[Start of section]

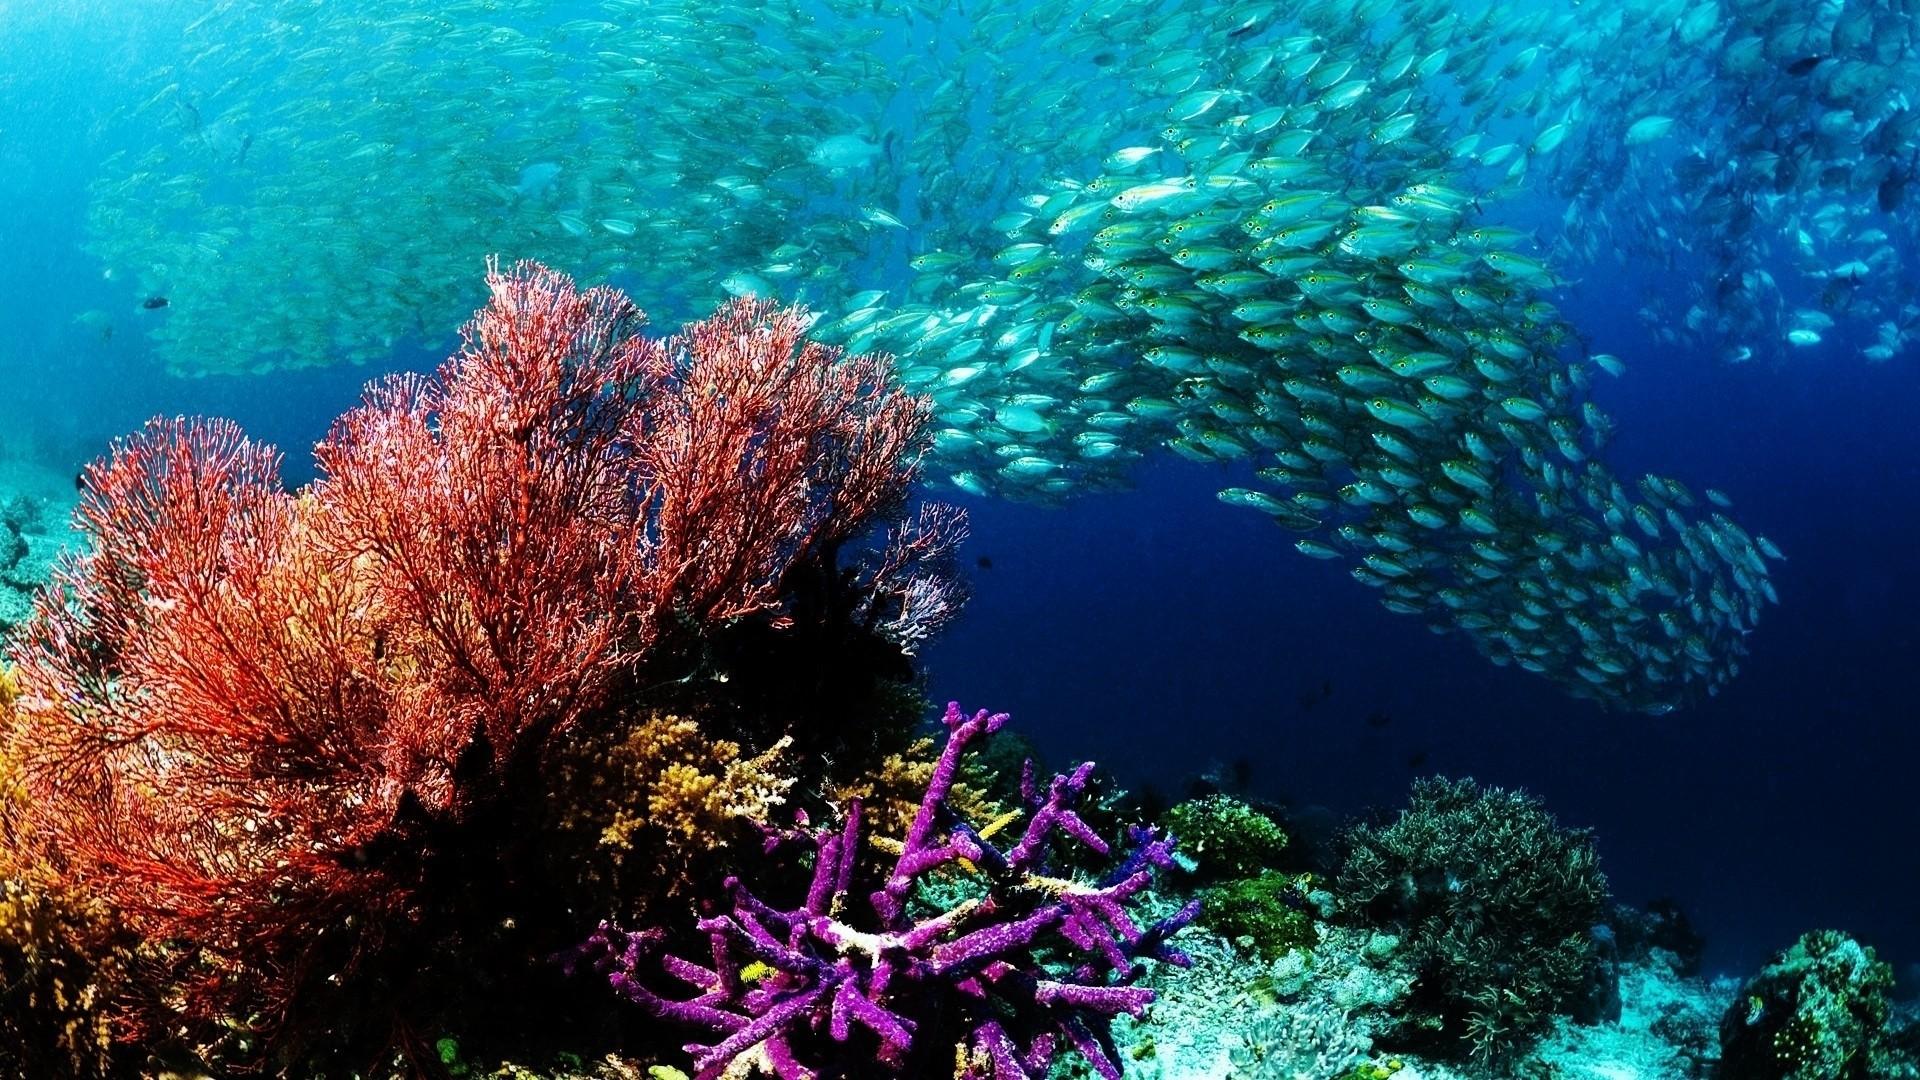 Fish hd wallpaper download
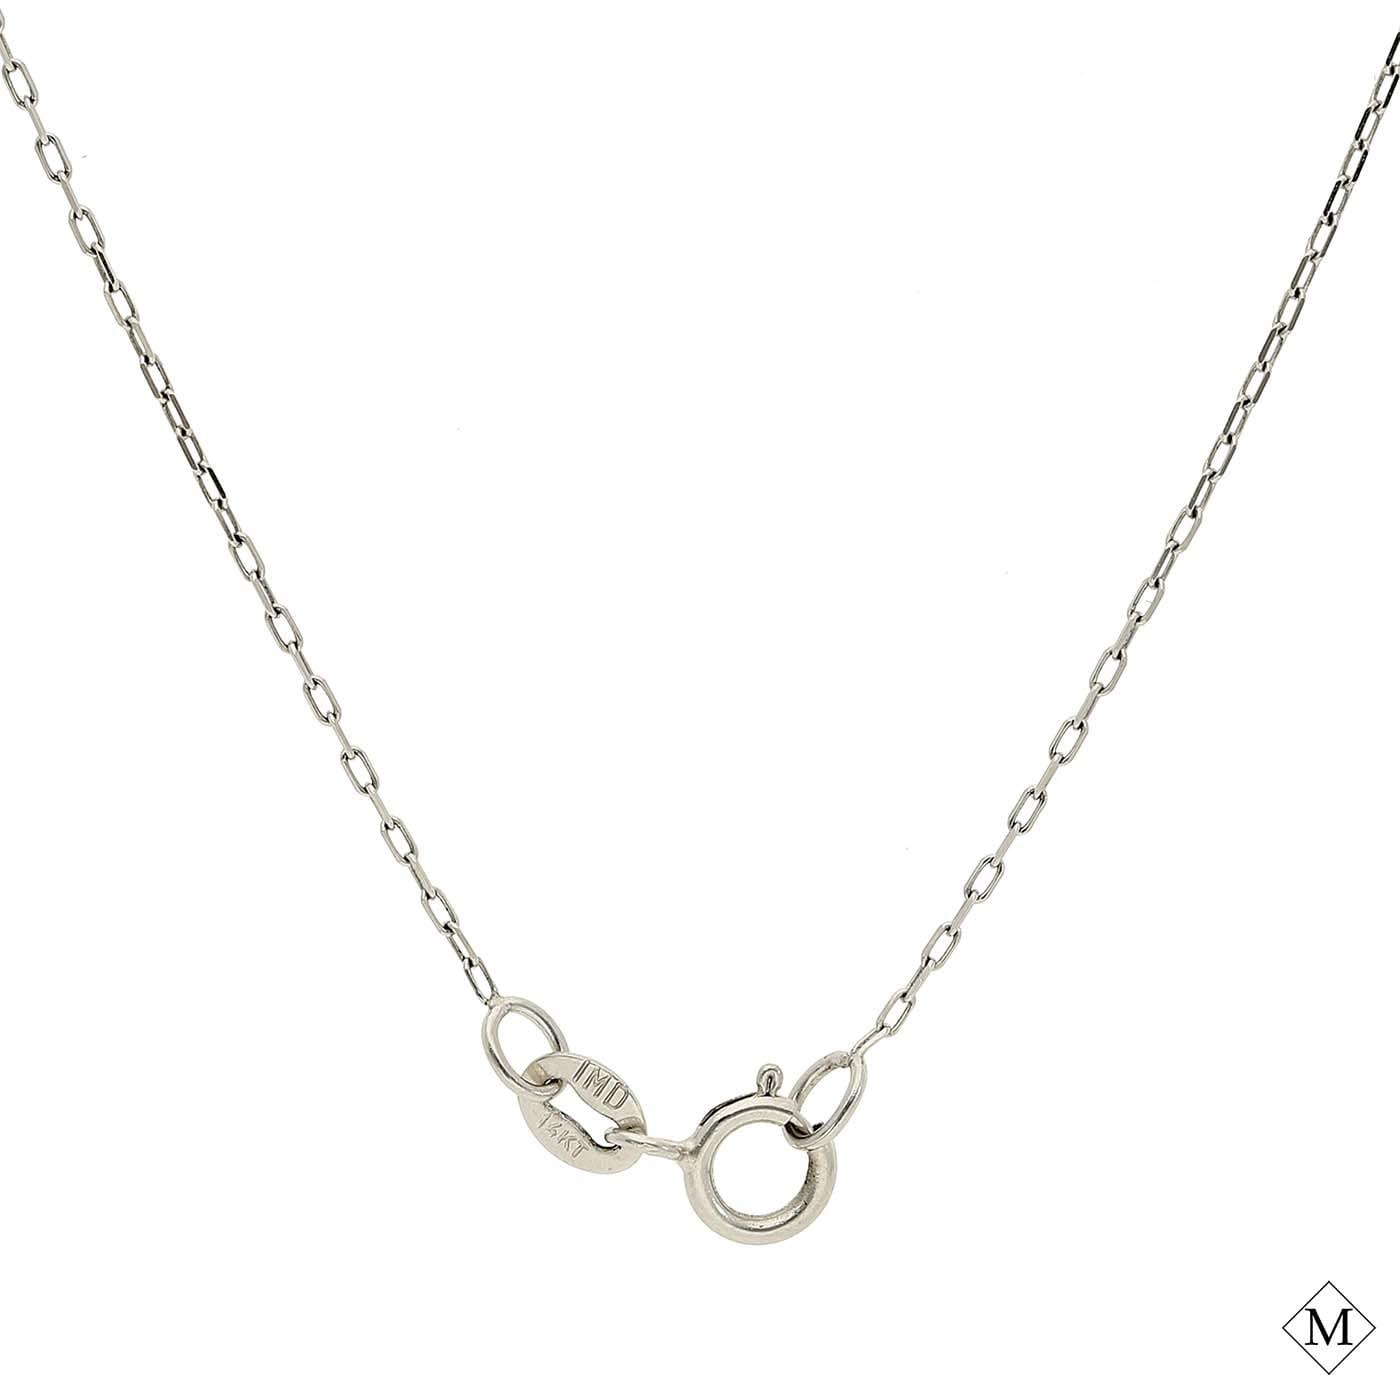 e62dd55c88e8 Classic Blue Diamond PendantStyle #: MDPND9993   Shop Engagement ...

[End of section]
[Start of section]

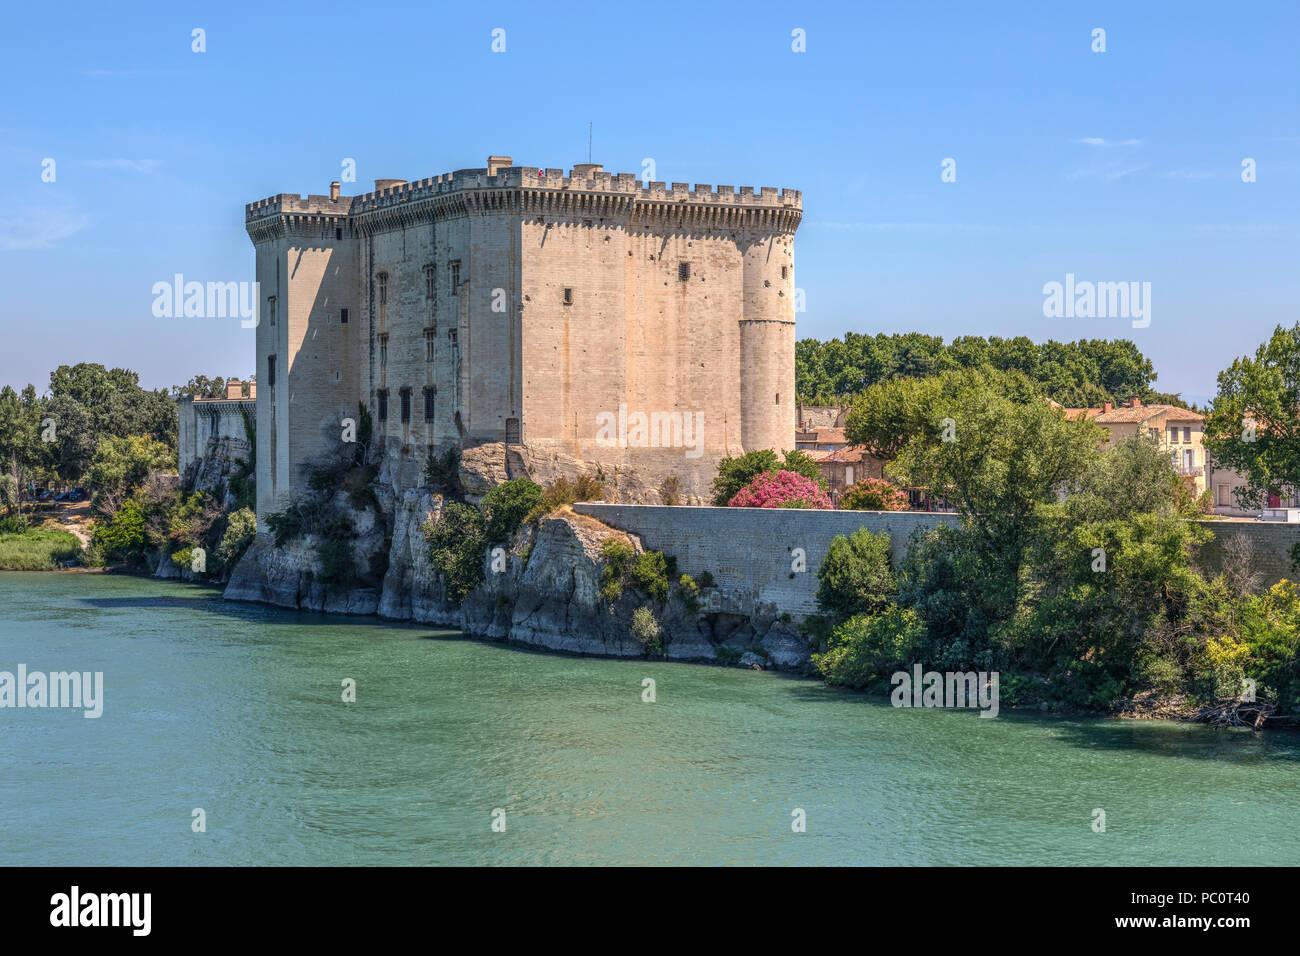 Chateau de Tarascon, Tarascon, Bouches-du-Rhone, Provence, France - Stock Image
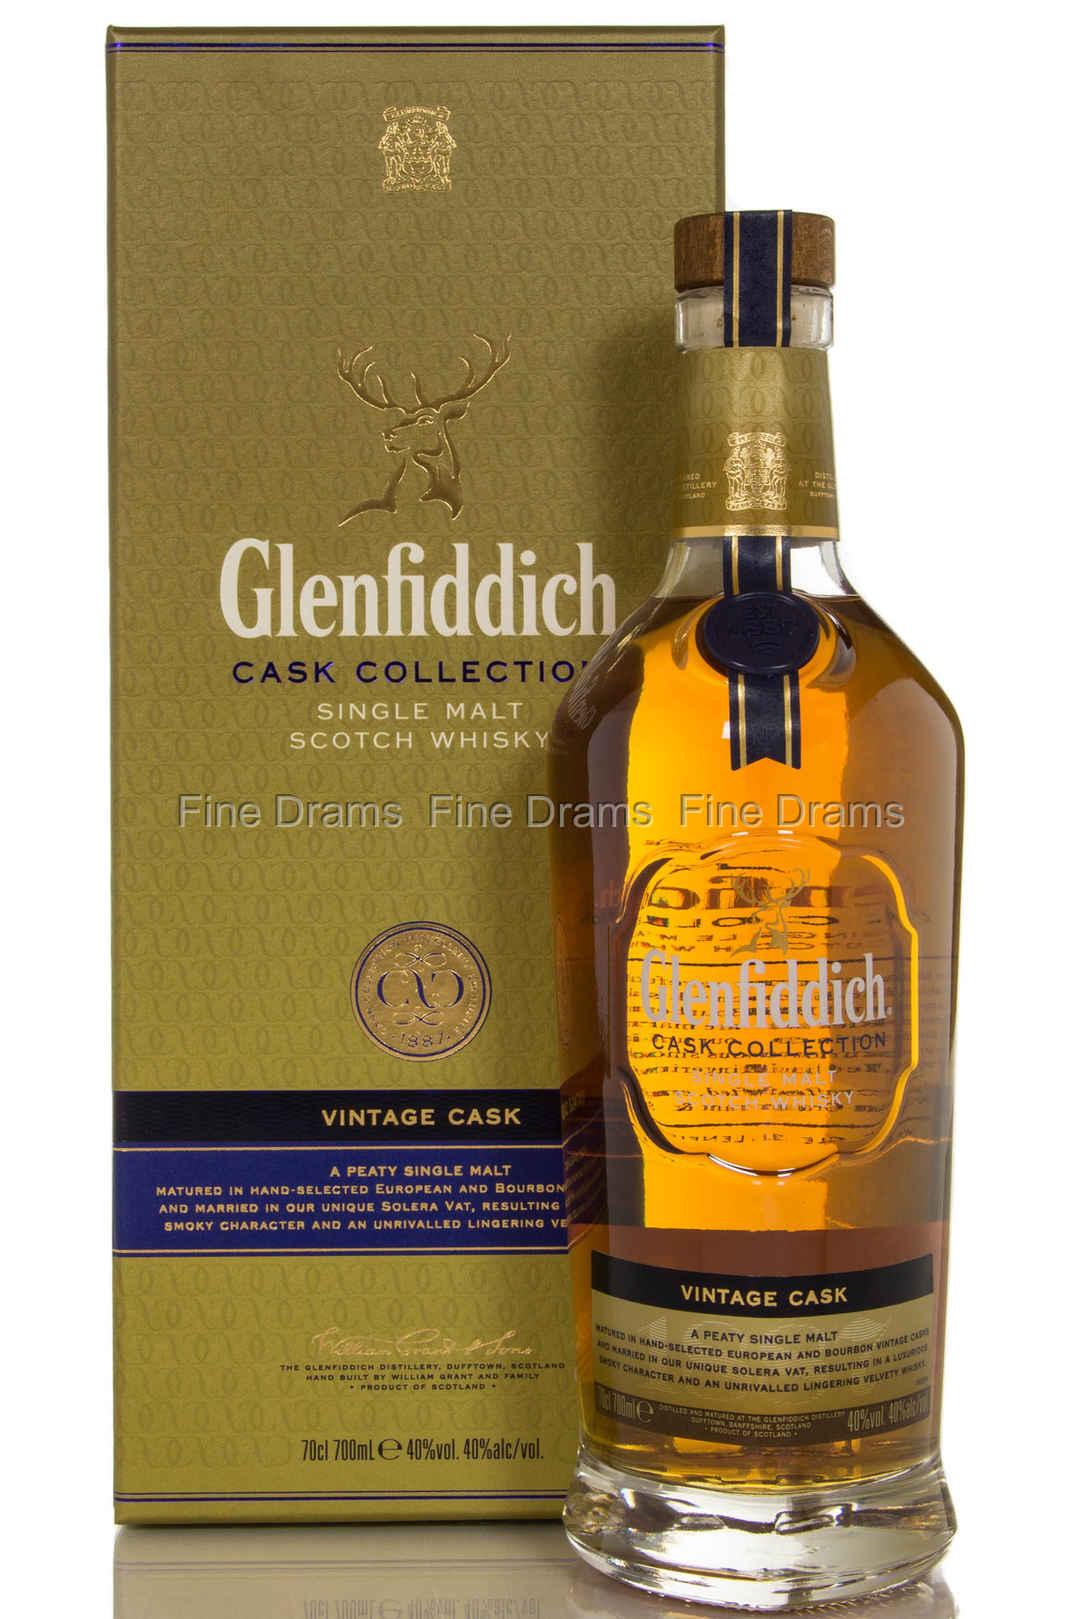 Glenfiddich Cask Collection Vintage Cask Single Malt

[End of section]
[Start of section]

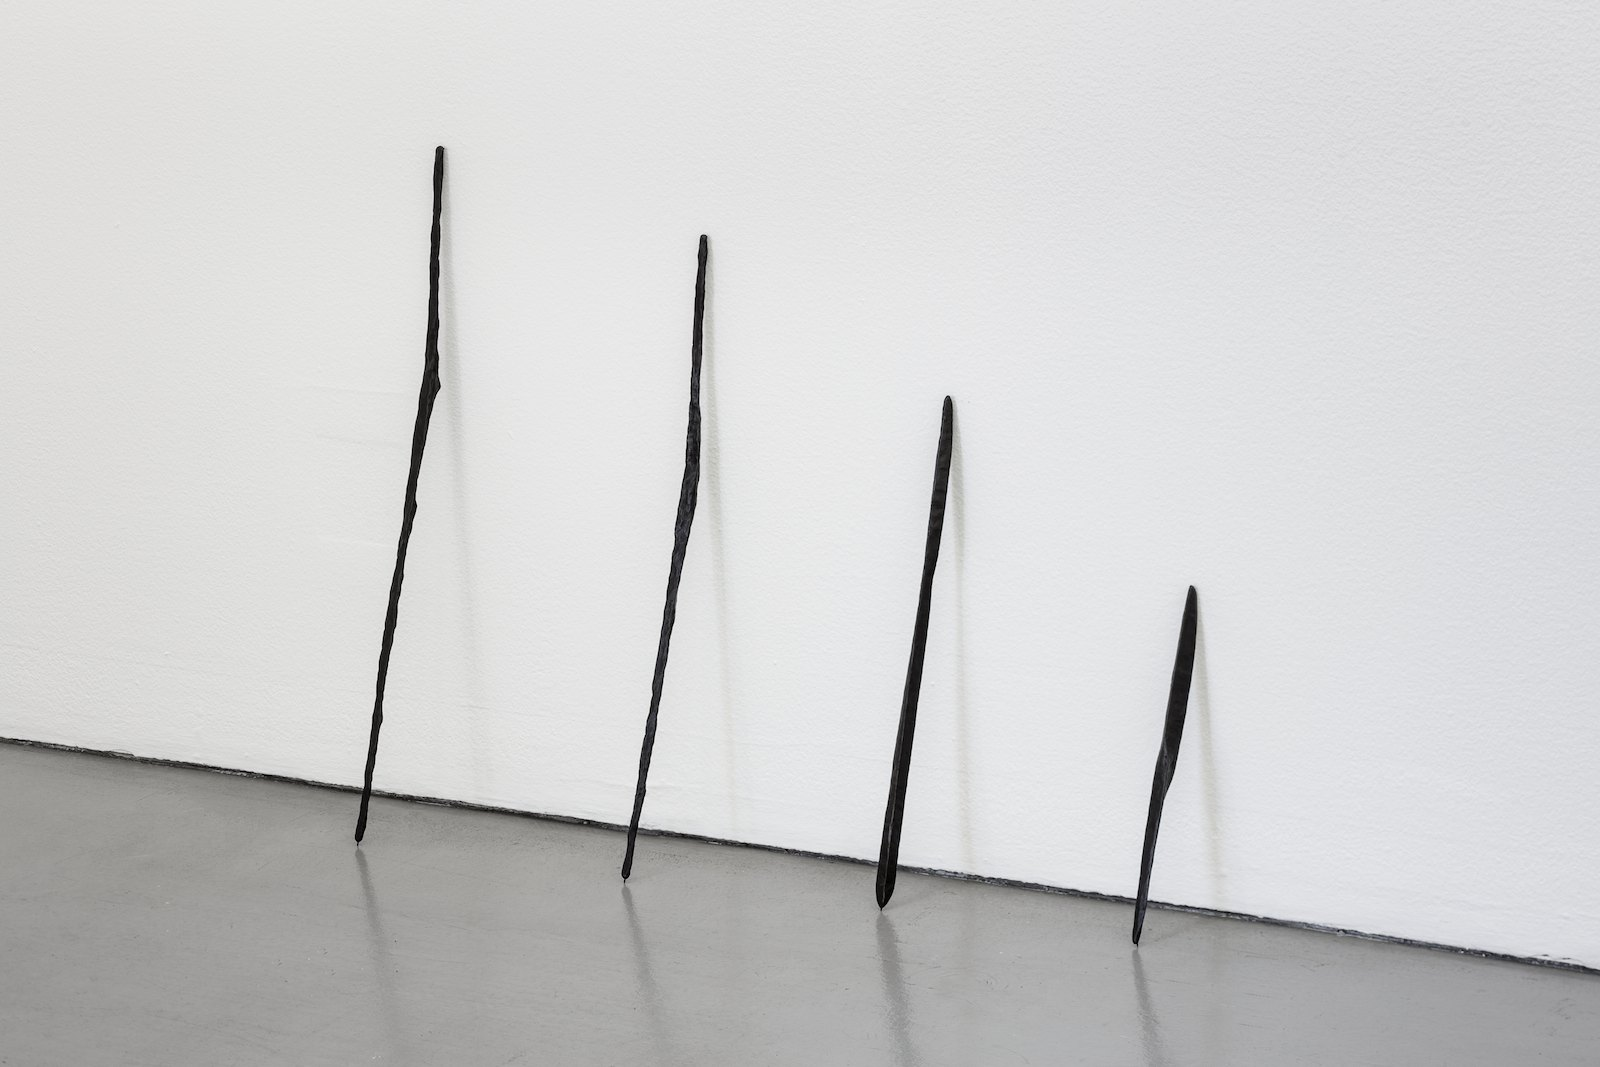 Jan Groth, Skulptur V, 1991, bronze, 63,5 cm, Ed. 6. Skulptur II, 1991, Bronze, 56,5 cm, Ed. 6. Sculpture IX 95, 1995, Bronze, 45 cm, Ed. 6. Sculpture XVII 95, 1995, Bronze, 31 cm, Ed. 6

[End of section]

### Exercise details
Your answer should be the lines above, word for word, from the line with "Fish hd wallpaper download" through the line with "e62dd55c88e8 Classic Blue", minus the pictures.

### Reply to the task
 Fish hd wallpaper download
 e62dd55c88e8 Classic Blue Diamond PendantStyle #: MDPND9993   Shop Engagement ...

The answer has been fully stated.